### Work instructions
Line for line, return the data exactly, omitting all pictures.

### Provided material
--

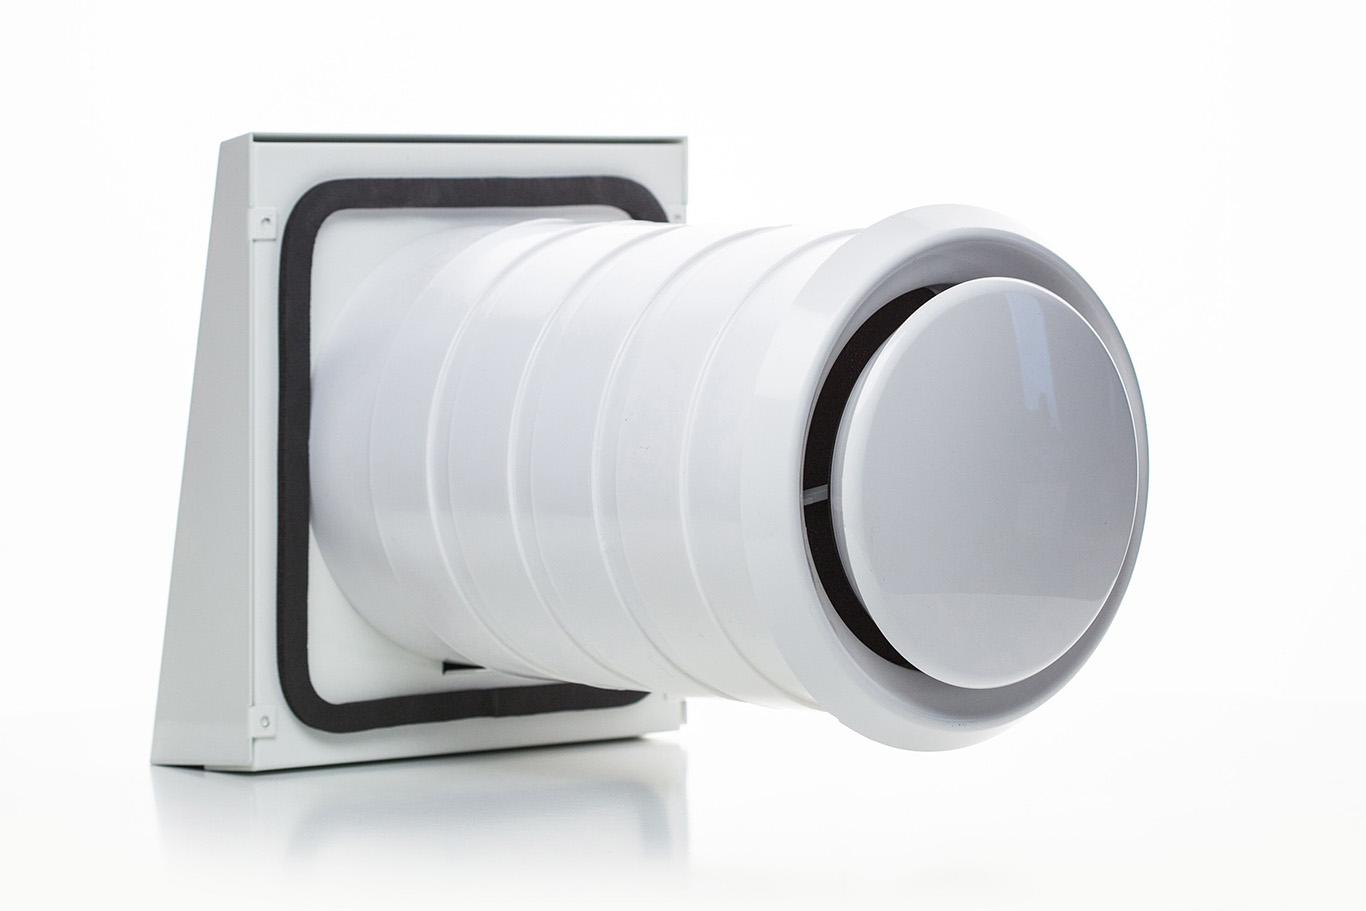 Ventoxx Comfort rekuperators impulsa vadība keramiskais siltuma akumulators 300mm
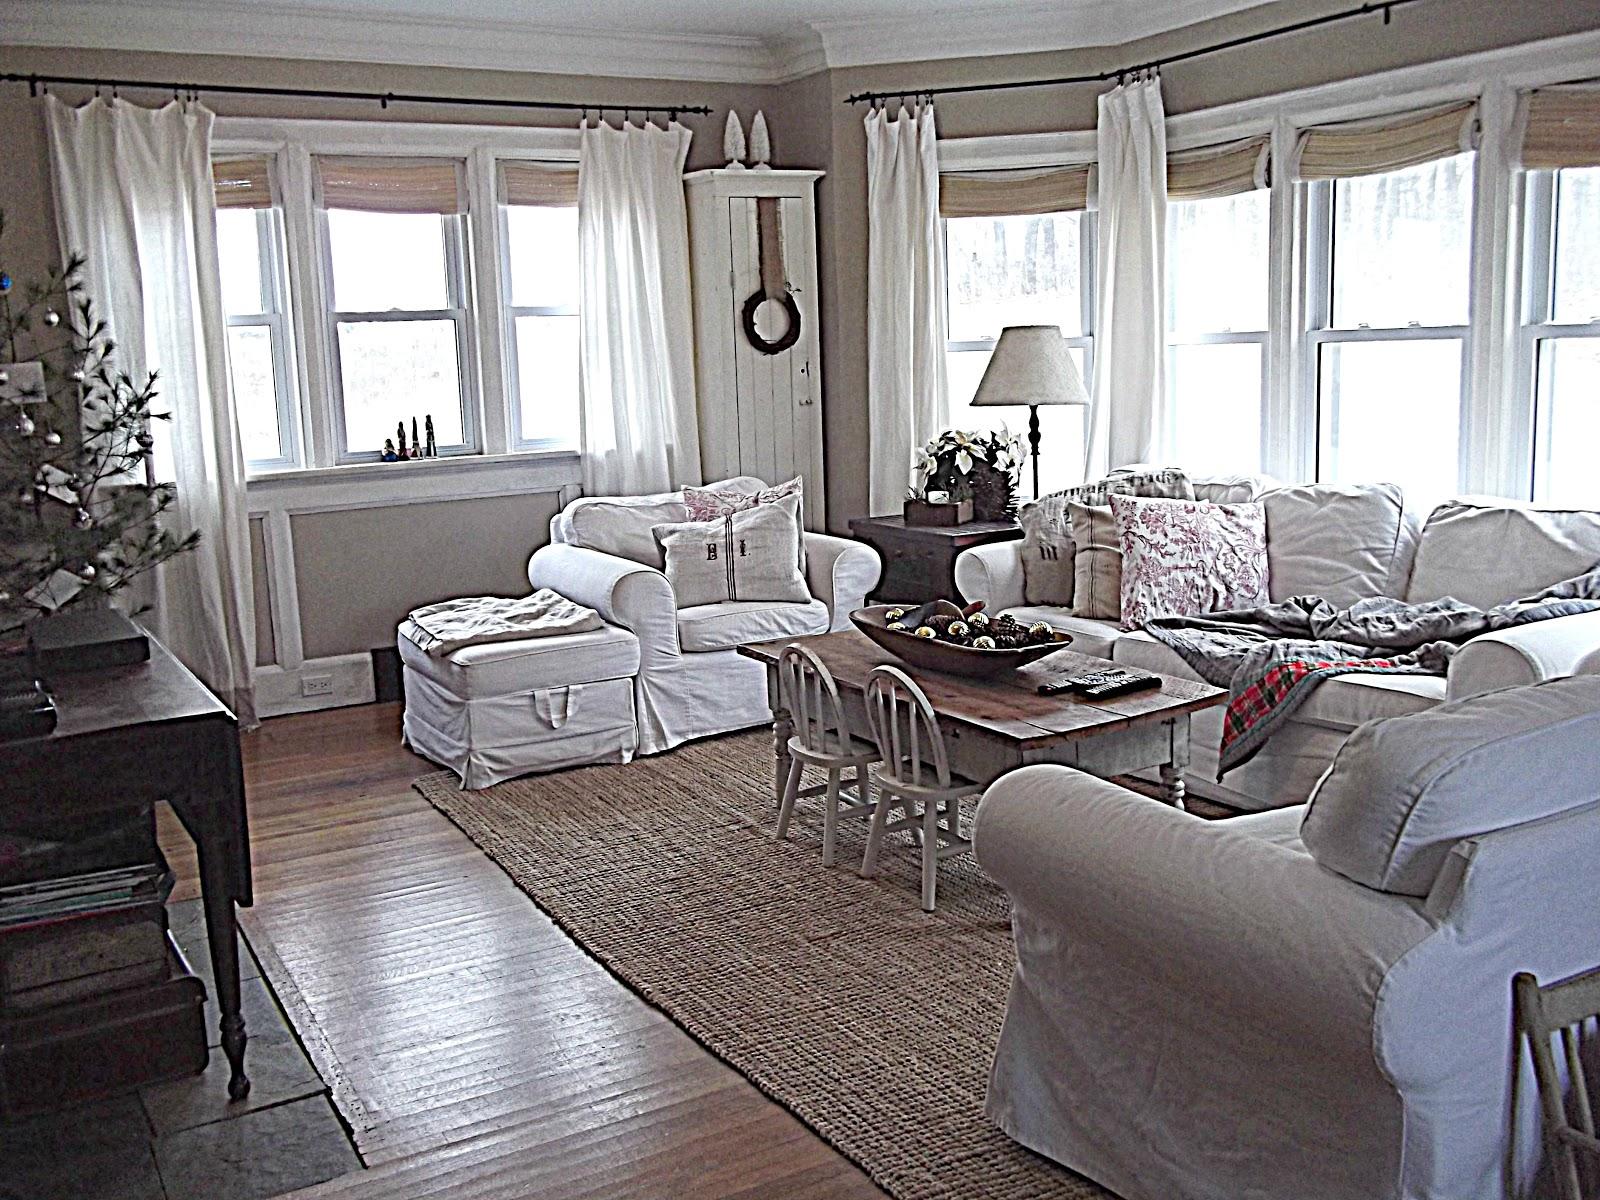 Rustic Farmhouse: Here it is! The SIMPLEST Christmas Tree ... on Farmhouse Living Room Curtain Ideas  id=62090
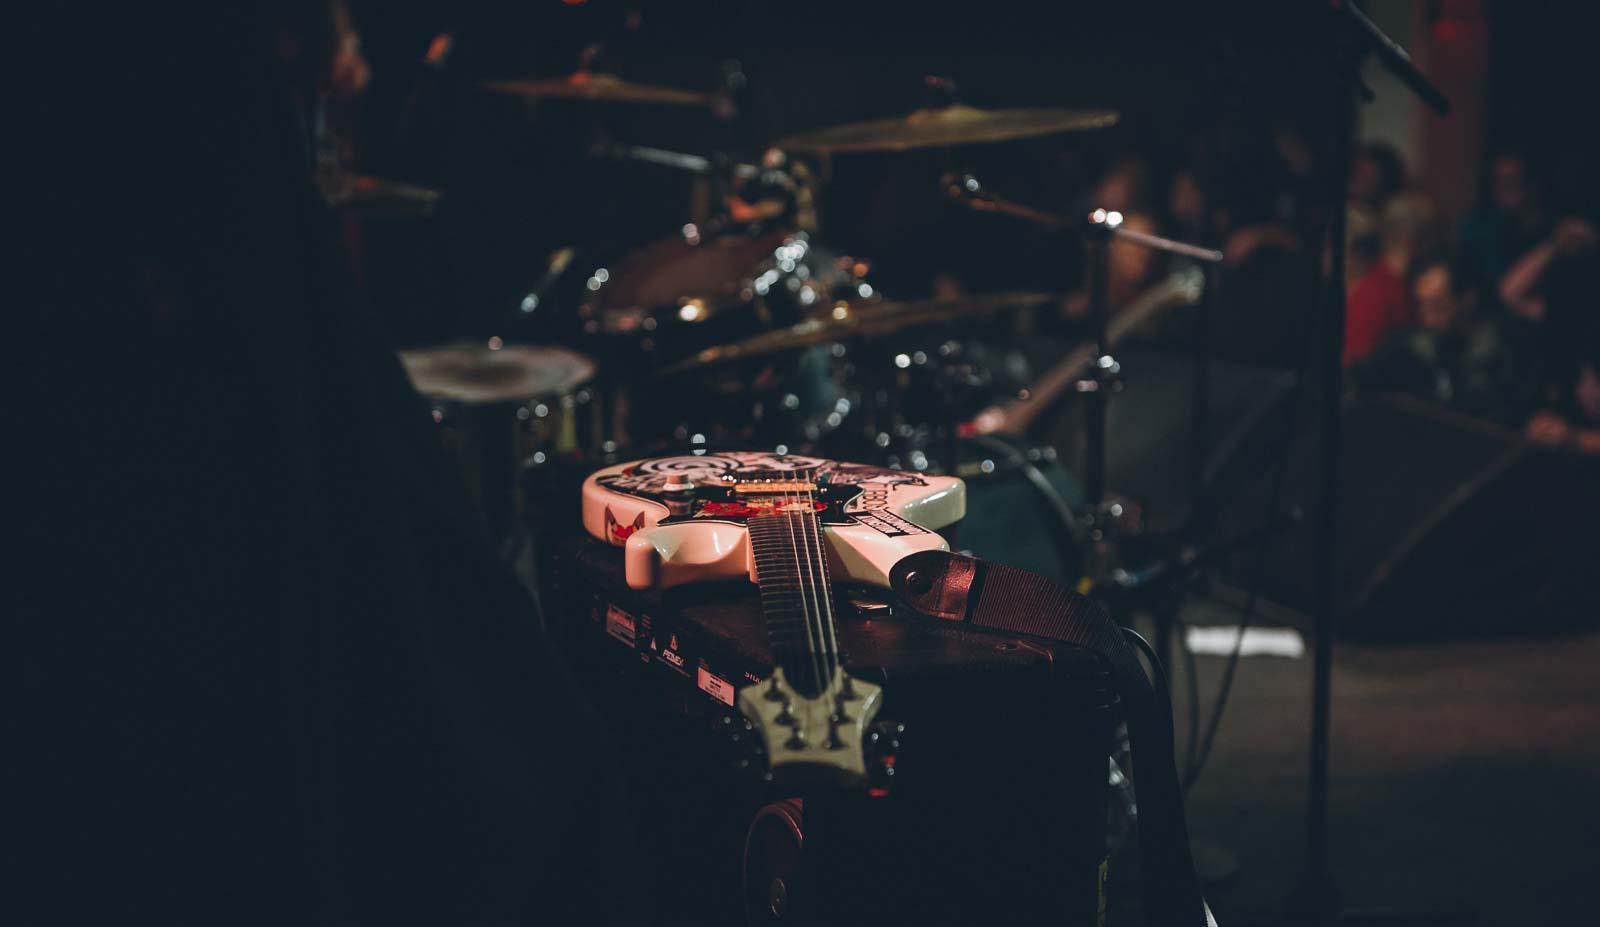 Gitarre on stage – Konzert Fotos Berlin
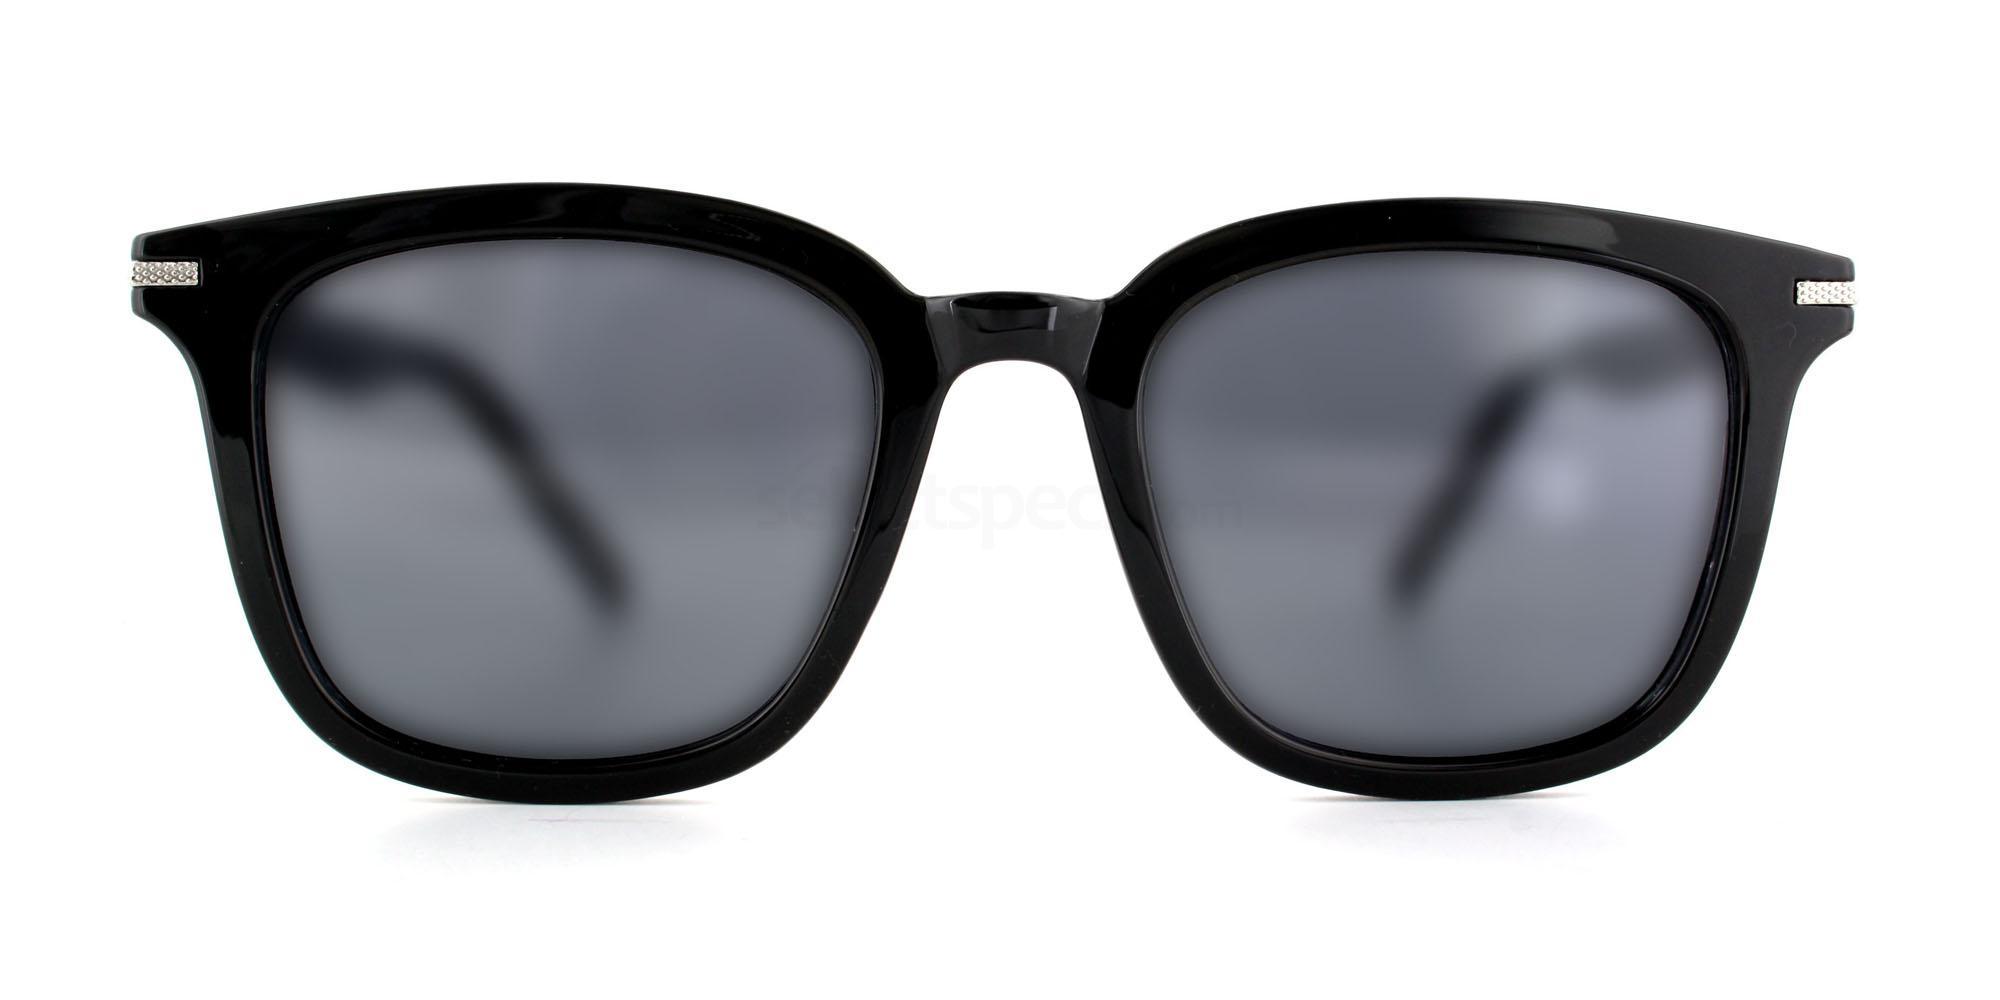 C1 S1042 Sunglasses, SelectSpecs

--

### Your solution
 Ventoxx Comfort rekuperators impulsa vadība keramiskais siltuma akumulators 300mm
 Rustic Farmhouse: Here it is! The SIMPLEST Christmas Tree ... on Farmhouse Living Room Curtain Ideas  id=62090
 Gitarre on stage – Konzert Fotos Berlin
 C1 S1042 Sunglasses, SelectSpecs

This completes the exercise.